From  Harveycritic  Posts 1637  Last Jan-30
To  All      [Msg # 22017.1 ]    

MISS POTTER

Reviewed by Harvey S. Karten
MGM/The Weinstein Company
Grade: B+
Directed by: Chris Noonan
Written By: Richard Maltby, Jr.
Cast: Renee Zellweger, Emily Watson, Ewan McGregor
Screened at: Dolby 88, NYC, 11/28/06
Opens: December 29, 2006

If you rank as one of the best in any field of broad
interest–sports, writing, composing–someone will be tempted to
write your biography. What made this person so great? It helps
if you've had an unusually interesting life.
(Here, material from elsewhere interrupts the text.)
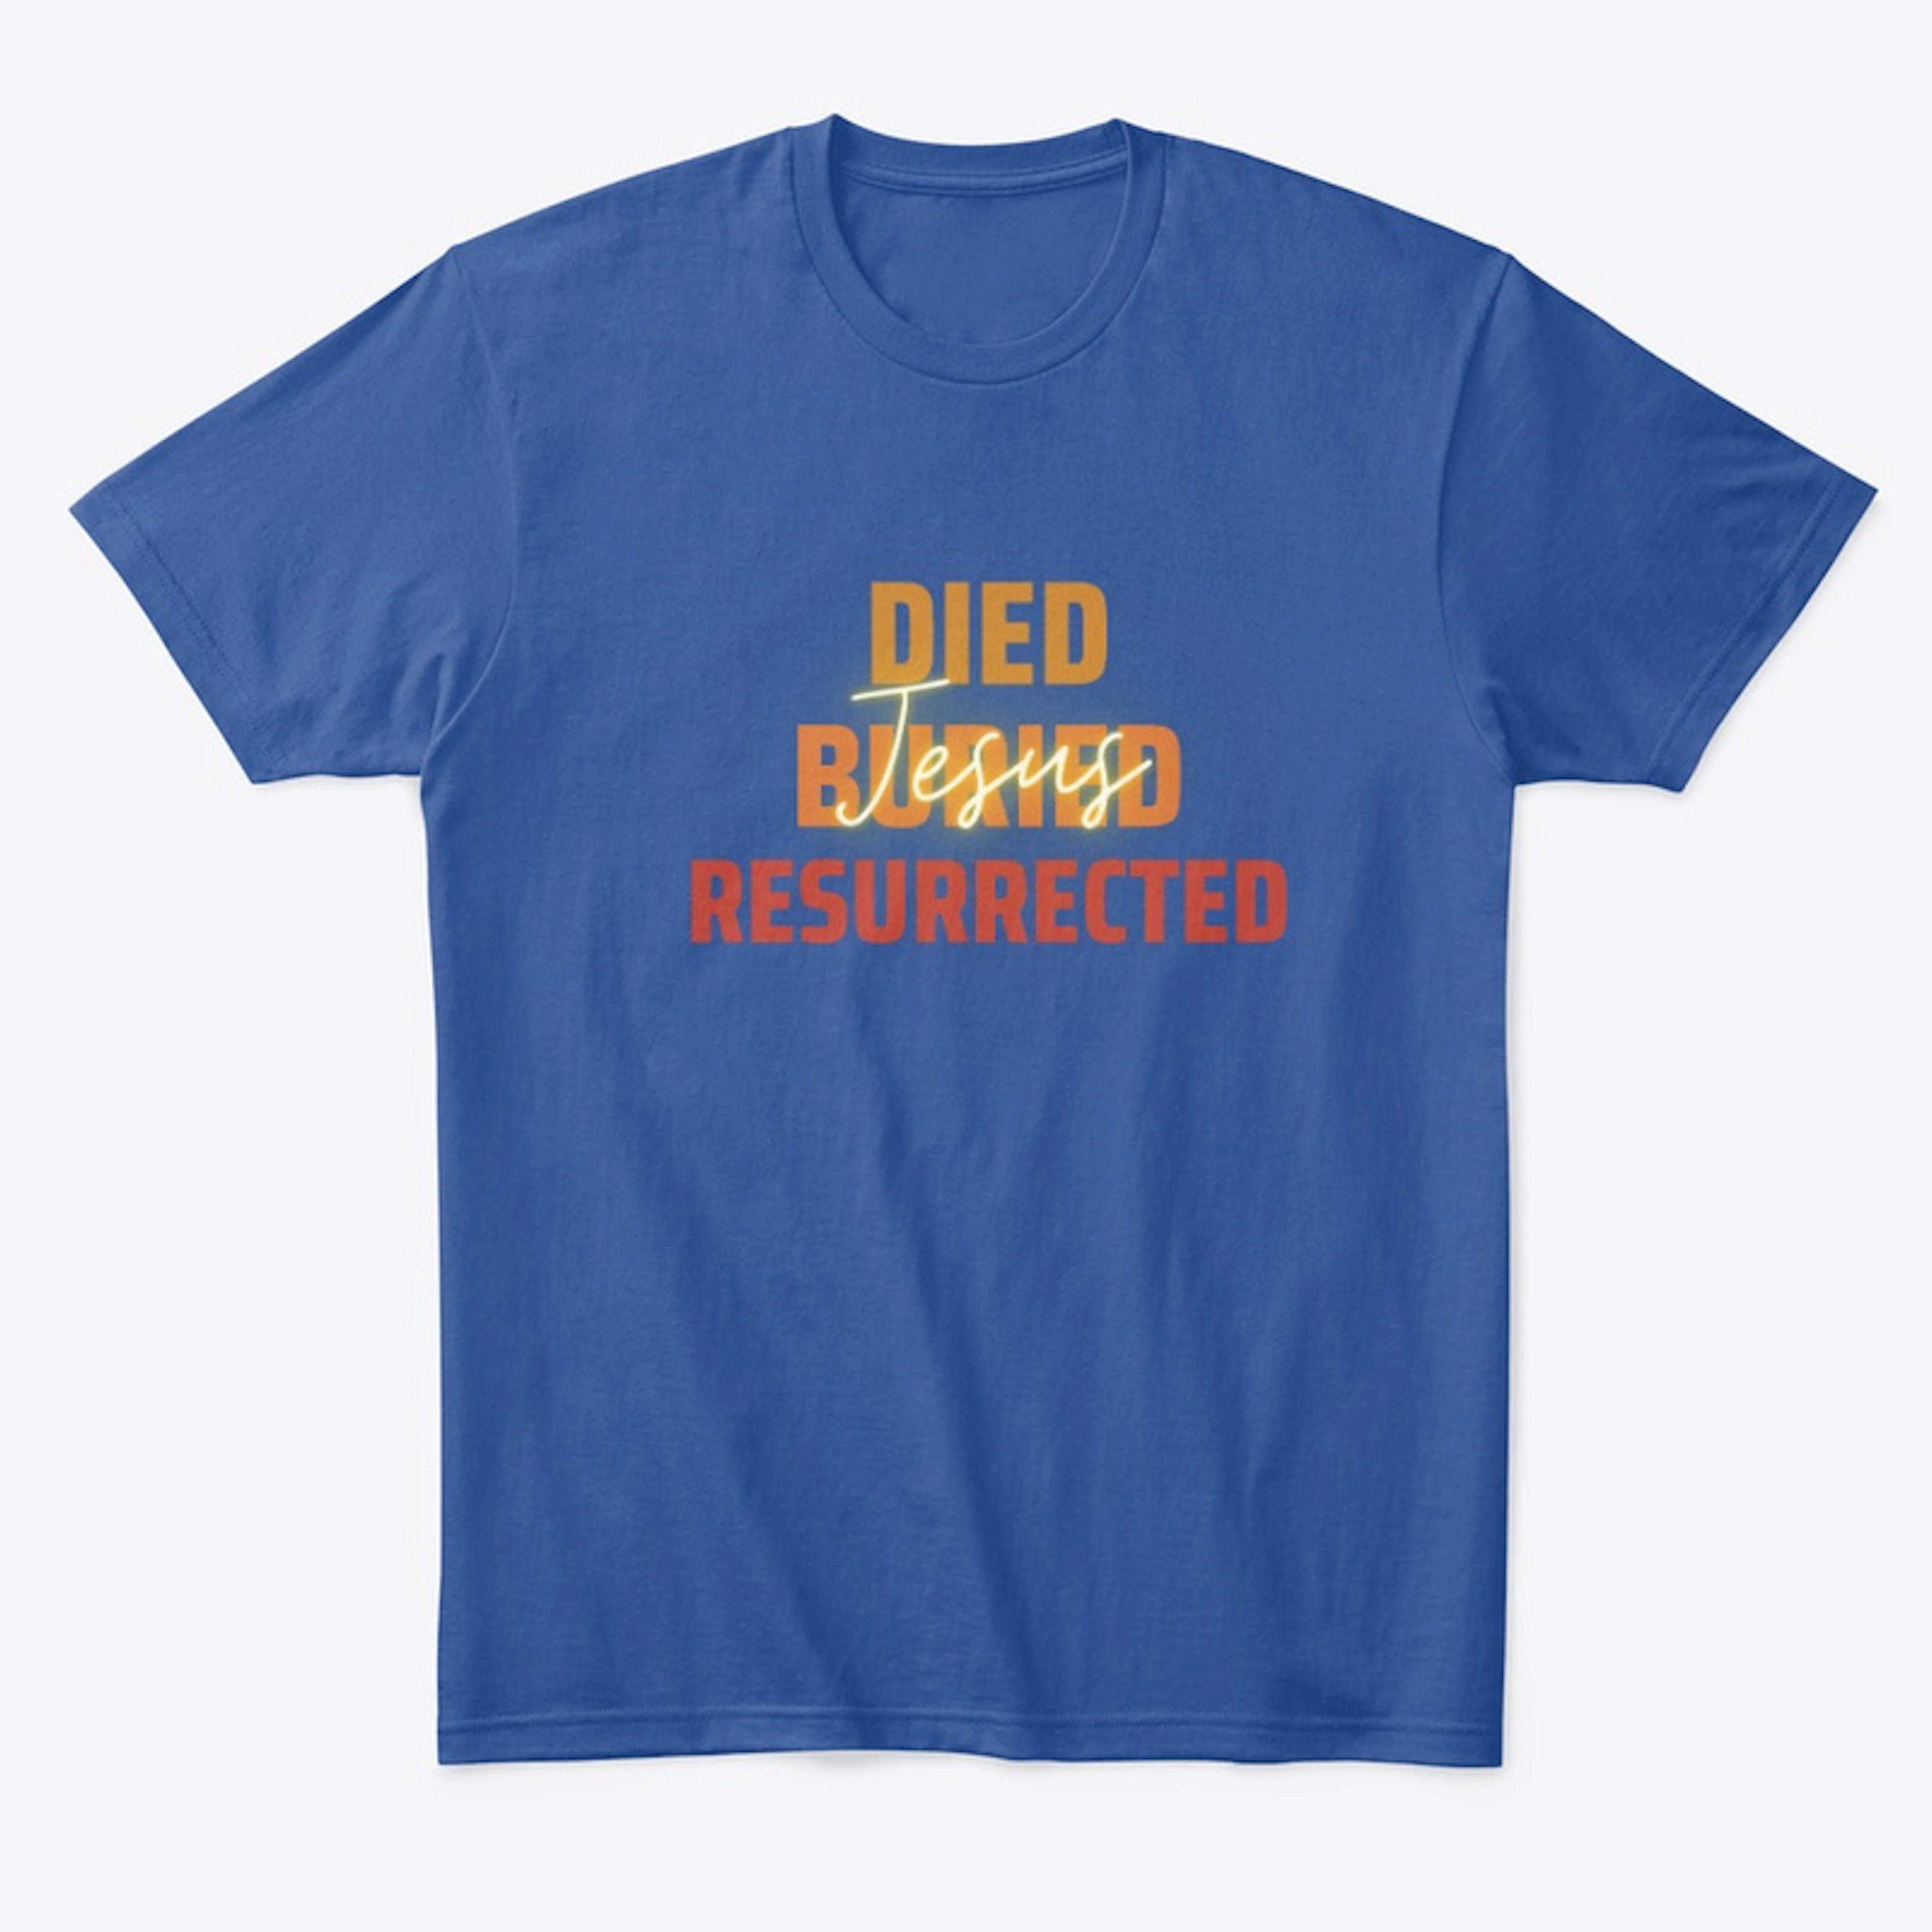 Jesus Died, Buried, Resurrected

Steve Shainberg must
have realized this when he fictionalized a good deal of his
movie, "Fur," an "imaginary" life of the photographer Diane
Arbus, inventing for her an upstairs liaison so hirsute that some
thought of the movie as a modern "Beauty and the Beast."
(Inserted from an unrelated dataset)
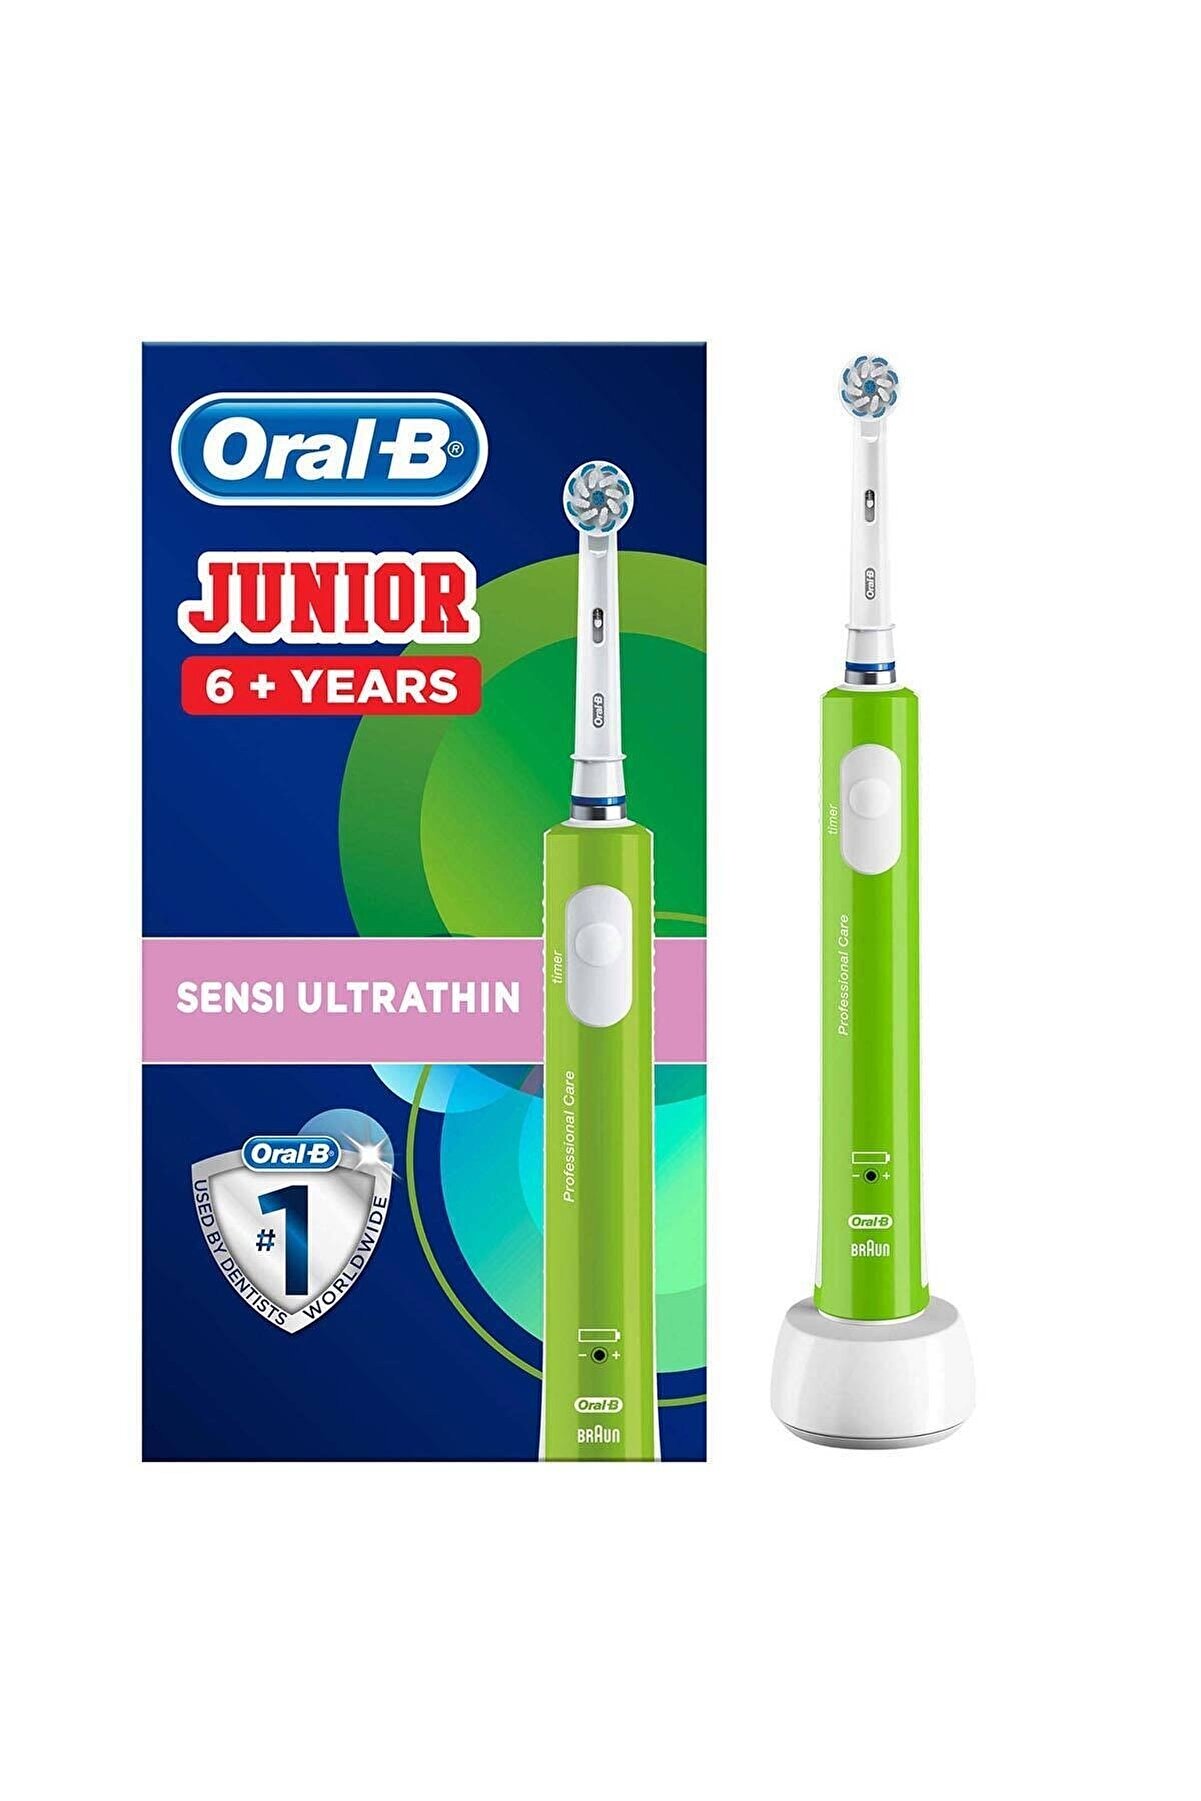 Oral-B Junior Çocuklar Için Şarj Edilebilir Diş Fırçası (6+ Yaş)

Beatrix Potter, the nonpareil, best-selling author of children's
books, was an interesting enough person, one whose talent for
writing and, more important, for drawing cute little animals that
would appeal to children did not become known to anyone, not
even to her own parents, until she was thirty-two years of age.
While she was fascinated by bunnies even as a ten-year-old,
and sketched adorable creatures since then, it was not until she
broke with the conventional rules of Victorian England and took
her drawings to a publisher that her life was turned upside
down.

Potter, whose productive years occurred during the latter years
of England's Victorian period, is both a victim of the repressive
times and a maverick. As played lovingly by Renee Zellweger,
with broad smiles, her hair in a tight bun, the author of "The
Tale of Peter Rabbit" (who, though partial to hares did not
exclude a squirrel, several mice, a kitten, a duck and some
piglets) defied custom by rejecting every suitor her parvenu
parents brought around to meet her. At a time that a woman
was either married in her twenties or a virtual outcast, Potter,
who had no friends aside from her own creations, seemed
content enough to live with her folks, Rupert Potter (Bill
Paterson) and Helen Potter (Barbara Flynn). In her younger
years (played by Lucy Boynton) she had smuggled several
small animals into her spacious home, a manor decorated with
servants as was her family's country home in the Lake District.

While scripter Richard Maltby Jr. skips over how her gender
prevented her from enrolling at the Royal Botanical Gardens at
Kew, director Chris Noonan, celebrated for the remarkably
delightful "Babe," points out her forwardness in introducing
herself to a publishing outfit. The company agreed without
optimism to publish her first book only to give the family misfit,
Norman Warne (Ewan McGregor) something to do. As the
professional relationship between Warne and Potter grew, so
did their affection for each other, a fondness actively
discouraged by Potter's social-climbing parents who looked
upon tradesmen as members of a lower station.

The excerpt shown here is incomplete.